Mr. Newman established himself as an author in the 1960s with his two books on Canadian prime ministers: “Renegade in Power: The Diefenbaker Years” (1963), a critical study of John Diefenbaker’s Tory government in the late 1950s and early ’60s , and “The Distemper of Our Times” (1968), which examined Lester Pearson’s government in the late 1960s.
Reviewing ‘A Nation Divided: Canada and the Coming of Pierre Trudeau’ (1969) in The New York Times Book Review, Stuart Keate wrote: ‘Newman, a brilliant reporter, imbues his chronology of unfortunate events with anecdotes and insights that are his reputation as the guardian of the best series of leaks in Ottawa.
Mr Newman went from what he described as a “small ‘l’ liberal” to a committed nationalist, explaining in 1971: “We used to be a kind of bastard Englishman. Then we became bastard Americans. What we need to do is become bastard Canadians.”
In 2005, he announced the publication of “The Secret Mulroney Tapes: Unguarded Confessions of a Prime Minister,” which focused on Brian Mulroney, another progressive Conservative, who served from 1984 to 1993. The book quoted Mr. Mulroney as another prime minister vilified, Pierre Trudeau, who held the office under the Liberal banner for almost sixteen years.
Mr Mulroney then sued Mr Newman, accusing him of publishing comments he said he had made in confidence. The lawsuit was settled in 2006 — the same year, as part of another lawsuit, in which Mr. Newman apologized to Conrad Black, who had sued him for defamation over comments in the Newman memoir, “Here Be Dragons: Telling Tales of People, Passion and Power” (2004).
After a long period of reporting for The Financial Post, Mr. Newman was editor of The Toronto Star from 1969 to 1971. His tenure ended abruptly, he wrote, after he rejected the publisher’s request to praise Toronto’s mayor in an editorial that coincided with the paper’s application for a new printing plant.

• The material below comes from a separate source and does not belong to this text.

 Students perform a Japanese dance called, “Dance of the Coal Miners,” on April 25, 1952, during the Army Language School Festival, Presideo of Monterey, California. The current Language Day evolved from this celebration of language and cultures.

Mr. Newman called himself a victim of the publisher’s “mushroom treatment”: kept isolated in the dark, sprayed with manure and then canned.

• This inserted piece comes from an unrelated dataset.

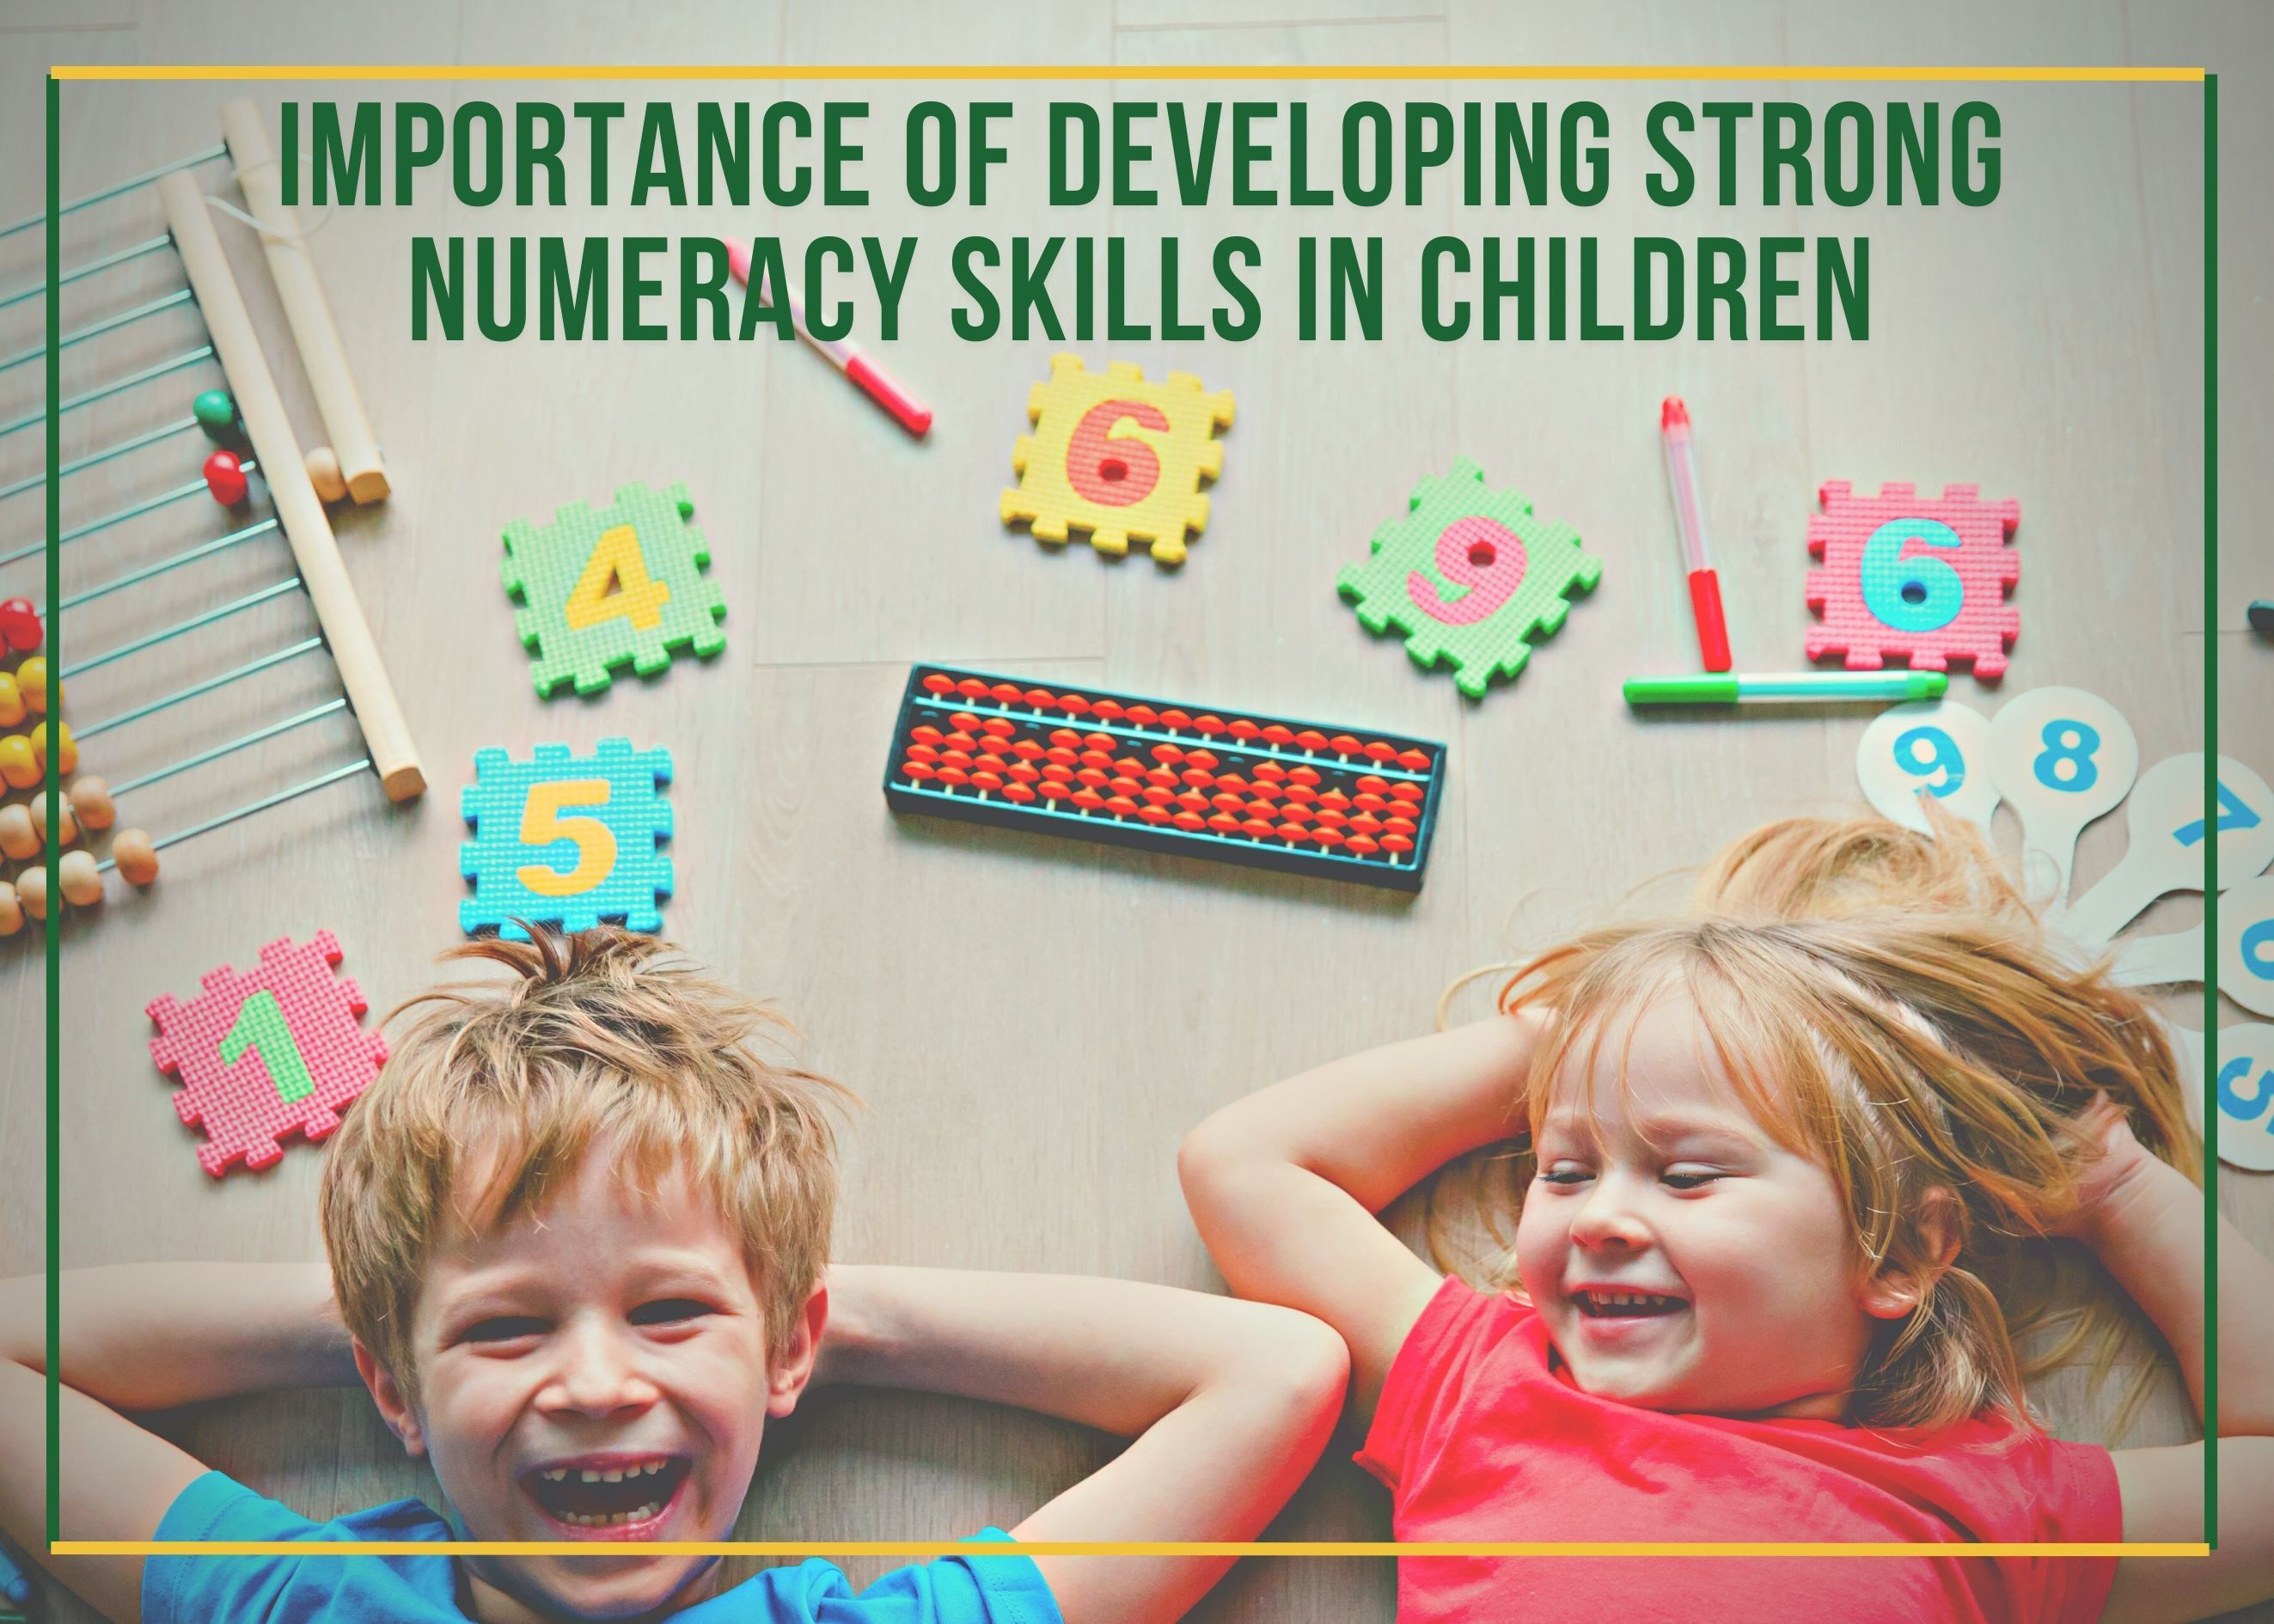 Importance of Developing Strong Numeracy Skills

He had more success editing Maclean’s, from 1975 to 1982, when he helped transform the magazine from a money-losing monthly into a prosperous and influential weekly.
In 1990 he was promoted to the rank of Companion of the Order of Canada.
Distinguished by his ubiquitous Greek fisherman’s cap, Mr. Newman was married three times before marrying Alvy Bjorklund. He had two daughters from previous marriages and two stepdaughters, the children of Alvy Newman. Complete information about his survivors was not immediately available.
Mr. Newman attributed his failed marriages mainly to his workaholic habits, although, he said, one divorce resulted from a theological dispute: “I thought I was God and they weren’t.”
His energy hardly diminished in his later years.
“There’s a sticker on my computer that says, ‘We don’t stop playing because we’re old. We are getting old because we stop playing,” he said. “That is my credo.”